The Big Bang theory described the evolutionary process of the universe outside us up until now and was a blow to agnosticism. The outside world that was henceforth described in mathematical formulas and preconceptions about the universe, sub-atomic particles, planets and satellites proved to be correct. Satellites were launched into space thanks to these formulas and calculations were made of the ages of galaxies. Productions realized from these formulas were placed into the service of mankind. There is certainly no end of things awaiting discovery yet, but the fact that the mind’s conception of the universe within this framework is something to wonder at must not pass unnoticed. This perception of the mind is made possible by the harmony reigning between the mind and the universe. This, in turn, is not possible without a Designer of all these things. The simplest knowledge about the universe might have been incomprehensively complicated, or the universe might be a chaotic entity undecipherable like a dream, or again the mind might be deprived of the capacity and a priori intuitions to conceive the universe.

KANT AND ARGUMENTS FOR THE EXISTENCE OF GOD

Kant takes up three arguments for the existence of God’s and states that, based on these arguments, God’s existence cannot be proved. Kant’s first criticism is of the ontological argument. The ontological argument claims that the concept of God is innate in man. It is acknowledged to be an evidence of God’s existence. This evidence was corroborated by Anselm, Avicenna and Descartes, among others, in different arguments. Kant’s criticism of this evidence does not come under the present study.

Kant’s criticism of the second argument is cosmological. Based on this argument, one can deduce the existence of God as a consequence of the existence of the universe. This argument entails different formulas. It implies the existence of the universe as a fact; the universe is, therefore, a phenomenon necessitating clarification whose reason cannot be considered immanent in it, but can be explained by the existence of a Creator God. According to Kant cosmological evidence states unjustifiably that without Primary Cause there can be no causality. This is similar to the arguments put forth by Kant in his fourth and first antinomies that I rebutted (Kant’s objection to the cosmological argument is against Leibniz’s formulation).

Muslim philosophers’ formulation of the cosmological argument can be summarized as follows:

1. Everything that has a beginning requires a cause.

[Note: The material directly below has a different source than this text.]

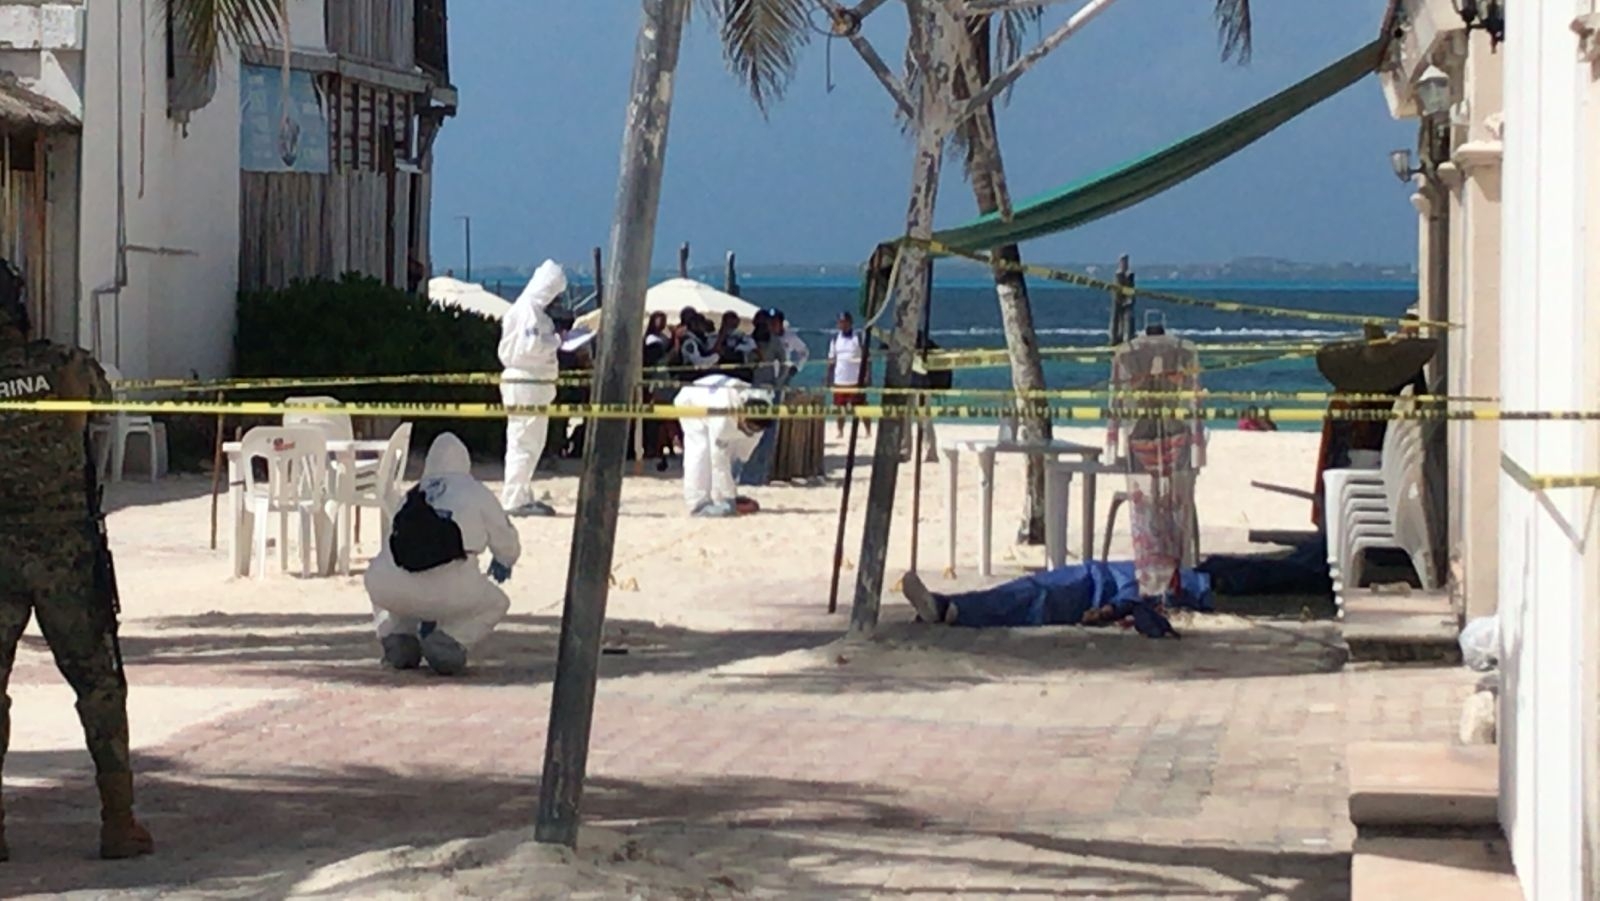 Balean a dos hombres en Playa Tortugas de la Zona hotelera de Cancún

2.The universe has a beginning.

3.Therefore the universe has a cause.

Kant seems to raise objection to the second proposition. In fact, the second proposition is the critical one. We have demonstrated in philosophical terms the correctness of this second proposition in the fourth chapter. All the evidence related to the Big Bang theory, and other scientific evidence like entropy, corroborates that the said proposition is true. Like Hume, Kant said that if God does not have to have a cause for His being, why not think that the universe should likewise be its own cause? Laws of thermodynamics and other physical and philosophical evidence, along with the Big Bang, demonstrate that the universe had a beginning, thus discrediting the most important objection to the cosmological argument posited by Hume and Kant.

NECESSARY BEING

I have already pointed out that the cosmological argument may have been assumed differently. The formulation of the evidence based on the differentiation between “Necessary Being” and “contingent beings” by philosophers of Islam is important for our issue. Asserting that the Necessary Being does not exist creates a contradiction in the mind; on the other hand, asserting that the contingent beings whose existence depends on others, do not exist is also possible or can exist is also possible. We cannot explain the contingent beings through the endless chain of causality moving backward; they must end up at the Necessary Being. According to this, in this universe where continuous changes occur, everything that did not exist before but came to be afterward was a possible being before coming to be realized and is a contingent being thereafter. Had their existence been impossible they would never have come into being anyhow. Thus, the contingent beings ought to come to an end at the Necessary Being who has no beginning; the Necessary Being we call God. The Big Bang theory supports this argument of the philosophers of Islam as follows:

1.Every contingent being necessitates a Necessary Being. To imagine the inexistence of what is contingent is not a contradictory statement.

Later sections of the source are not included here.